Капитан понял все с полуслова: «Как, вертолетчики без обеда?! Всё – на стол!»
Мы допивали чай, когда в порт с вертолетной площадки приехал посыльный.
– Геолог ногу сломал. Вылетать надо срочно, – сказал Виктор Иванович, прочитав записку.
И мы попрощались.
Через десять минут над Енисеем низко, курсом на север, прошел вертолет со знакомым бортовым номером.
– Успеют до ночи?
– Успеют. Полярный день долог, – сказал капитан.
• Фото автора. 21 апреля 1984 г.
Желание полететь
Окно в природуО малодоступном принято говорить: о, это журавли в небе!
Их даже в небе видел не каждый.

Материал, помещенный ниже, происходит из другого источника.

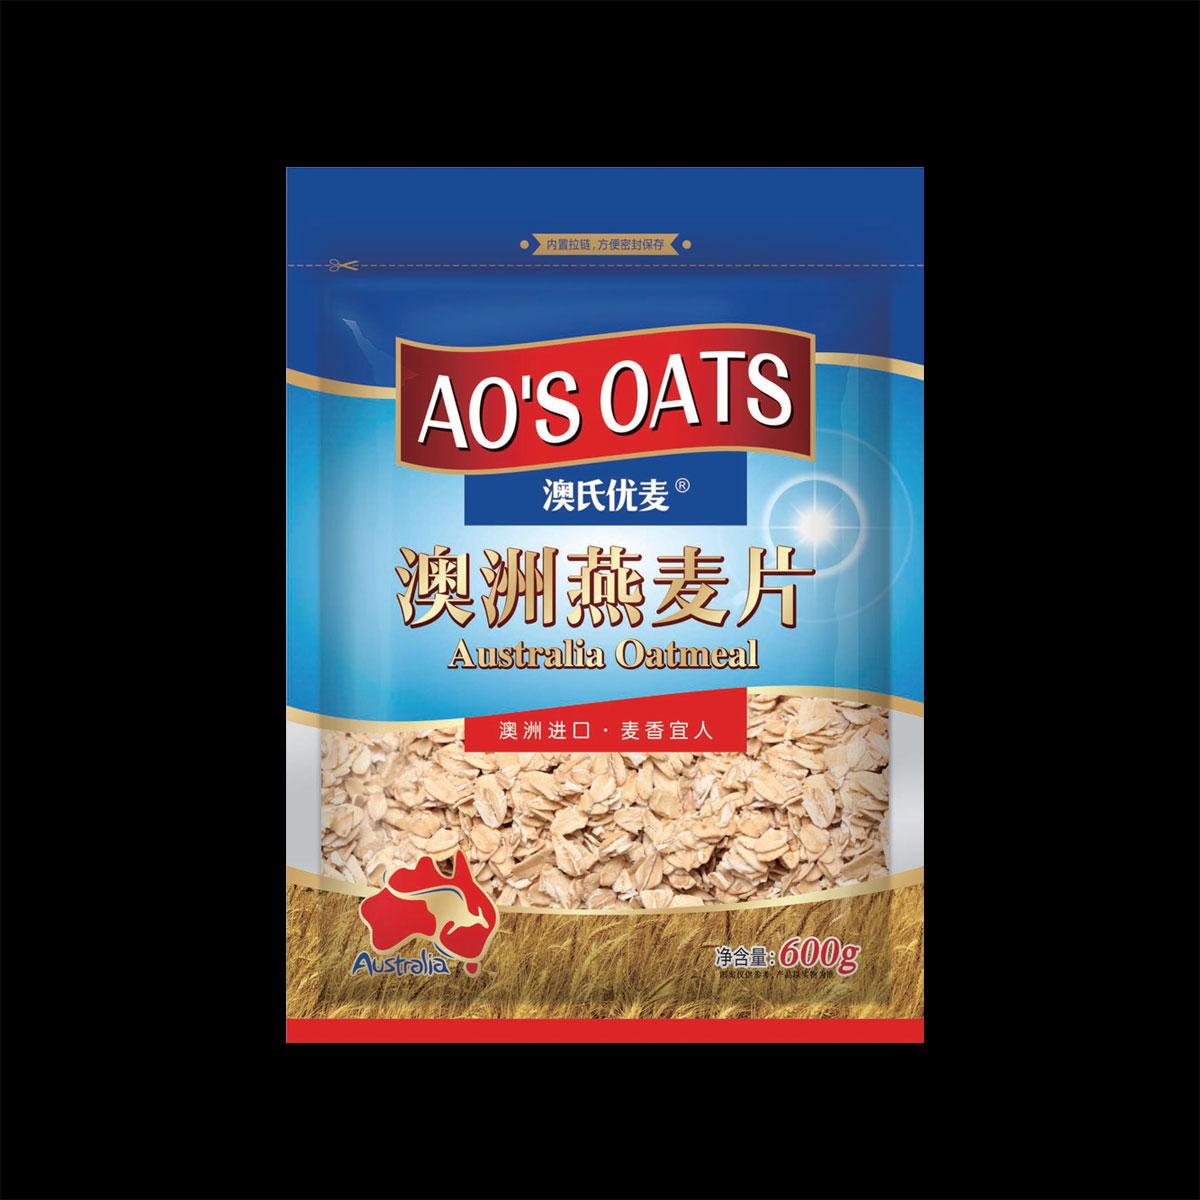 澳洲燕麥片( 原味)600g袋裝

И все-таки журавлей мы все представляем летящими. Впечатляющие размеры, порядок в полете, тревожные крики сделали журавлей легендарной песенной птицей. Они всегда куда-то летят…
Журавлей на земле с повседневными их заботами видели очень немногие. Охотники рассказывали об удивительных журавлиных танцах, о драках молодых журавлей, о том, как родители учат летать молодых, как осенью птицы, прощаясь, облетают болотные крепи. Теперь мы знаем: все это правда, у легендарного летуна – земная, интересная жизнь.
Случалось, журавль попадал к человеку в неволю. Либо раненный, либо ослабший, находил он приют на деревенском птичьем дворе. И тогда выяснялось: романтическая птица и тут не теряет лицо. Она хорошо приручается, привязывается к хозяину. Спокойный, уравновешенный нрав, достоинство, уверенность в своих силах делают журавля на дворе стражем порядка и справедливости. Он не только способен постоять за себя, он уймет драчунов, защитит слабого. Даже у главарей-петухов авторитет его очень высокий.